Фигль - Мигль Щастье стр 10.

Шрифт
Фон

- Белокочанная, кольраби, брюссельская, - добросовестно перечисляет Фиговидец и запинается, глядя в округлившиеся глаза моего приятеля. - Цветная, - шепчет он напоследок, и невнятная скоропись его интонации неотличима от горестных каракуль (когда горе боится себя обнаружить) "прощай навсегда" тех, кого не любят.

- Они выращивают на огородах овощи, - говорю я Мухе.

- А что ещё можно выращивать на огороде? - поражается фарисей.

- Коноплю, - машинально отвечает Муха. Он похож сейчас на человека, который внезапно узнал, что говядину можно не только есть, баб - не только ебать; вся его жизнь в этот миг откровения расплавляется, потеряв хребет, в вопрошающем взоре того, кто со всем перечисленным делал и делает что-то иное, непознаваемое.

Фиговидец переварил коноплю значительно бодрее, чем Муха - капусту и, куда-то в мыслях перескочив, поинтересовался, нельзя ли нанять машину, - в самом-то деле - поехать вдоль реки.

- Про вдоль реки забудь, - говорю я. - Ни один шофёр не согласится.

- Может, обратиться на первых порах к властям? За содействием. Знаете, как прежде, в настоящих экспедициях.

Муха сразу оправился.

- Ну ты точно ребенок, - сказал он. - Кто же обращается за содействием к властям?

- От властей наоборот откупаются, - добавил я. - Чтобы они не вздумали содействовать.

Фиговидец не спросил "почему?" Я заметил, что улыбнулся он скорее с пониманием, устало, согласно. Отвернувшись к лесу, он следил за птицами, далёким движением облаков, за тенью. Он видит, что я за ним слежу, но ему всё равно: даже если он и притворяется, то притворяется хорошо. На Муху он не реагирует искренне: как на ребенка или собаку. Он смотрит на небо, теоретическое знание о котором (небо то же самое) не совпадает со свидетельством встревоженных чувств (небо другое, чем над В.О.; ничего общего). Провонявшее от соседства со свалками земли, оно висит над нами старой половой тряпкой, из него каплями цедится жирная вода. Муха поднимает обломок кирпича. "Доброшу до прудика?" - спрашивает он сам себя. Воздух перед дождём загустел, даже камню тяжело лететь.

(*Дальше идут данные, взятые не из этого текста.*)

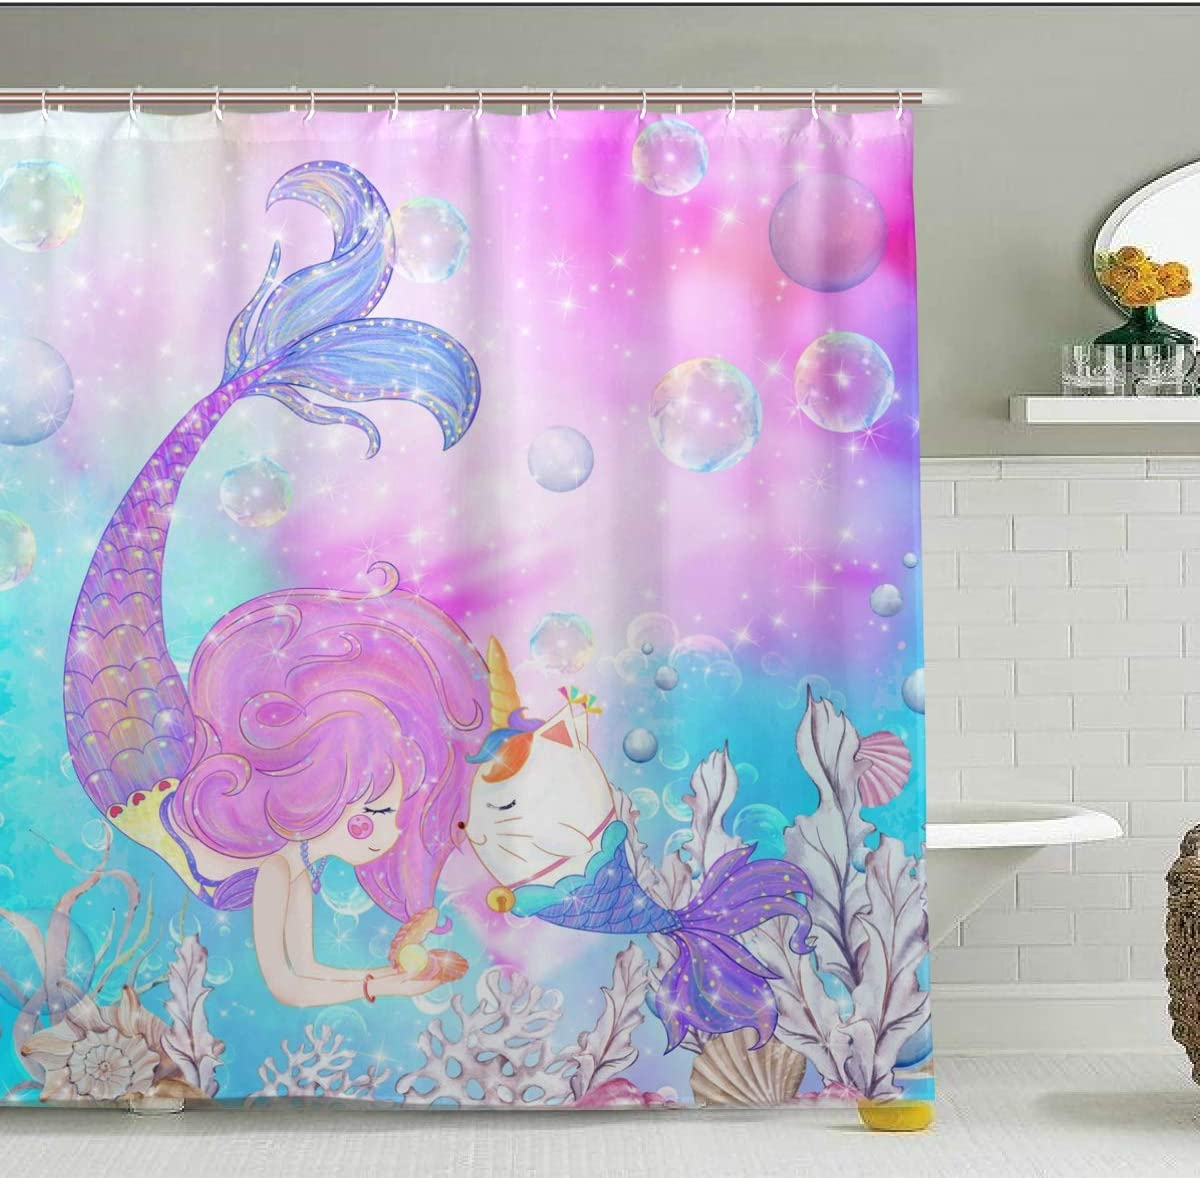 Zoeo Girls Mermaid Shower Curtain Unicorn Cat Fish Fabric Waterproof Large Window Bathroom Tub Curtains Sets Mermaid Home Decor 12 Hooks 72x72 Inch Home Kitchen Amazon Com

Школа набросилась запахами: в левую ноздрю - ядовитый запах хлорки, в правую - едкий запах мастики. По коричневому линолеуму коридора неслась завуч: тяжёлая, мощная, неизменившаяся; откинув вздыбленную золотую лаву перманента; в высоченных узких сапогах, с хлыстом в руке. Хлыст нежно, нервно гулял по слитому с ногой голенищу.

Взрывной волной рефлекса нас разнесло по стеночкам. Муха, спасая Фиговидца (есть у него эти рефлексы, нет ли), толкнул его так, что я едва успел сунуть ладонь фарисею за спину, останавливая в нескольких сантиметрах от стены. Впитавшая тысячелетия ненависти и страха, стена сочилась потом, слюной, жиром, отслаивалась ороговевшей кожей, спёкшейся кровью; в её липкую, жадно дышащую поверхность глубоко ушли мёртвые мухи.

- Родители? - на ходу каркнула завуч. - В учительскую! - Она указующе взмахнула хлыстом.

От движения хлыста частицы воздуха бросились врассыпную, и я увидел, что Муха затрясся. Позже, в учительской, пока составлялись бумаги, он сидел не шевелясь, окоченев, несчастный, немой и вспотевший, как когда-то на уроке, и смотрел, боясь оторваться, в пол - лишь бы не увидеть те же эмалевые ледяные глаза. Фиговидец покоился на своём стуле аккуратно и угрюмо; я курил и подписывал бесконечные бланки. По углам пыльной задымлённой комнаты лежали ворохи страшных воспоминаний; серые портреты на стенах (классики, учёные, выдающиеся педагоги) глядели зло и тускло, как фотографии разыскиваемых преступников. Учебники на корявых полках затаились, карауля что-нибудь зазевавшееся: муху, руку. В горле першило.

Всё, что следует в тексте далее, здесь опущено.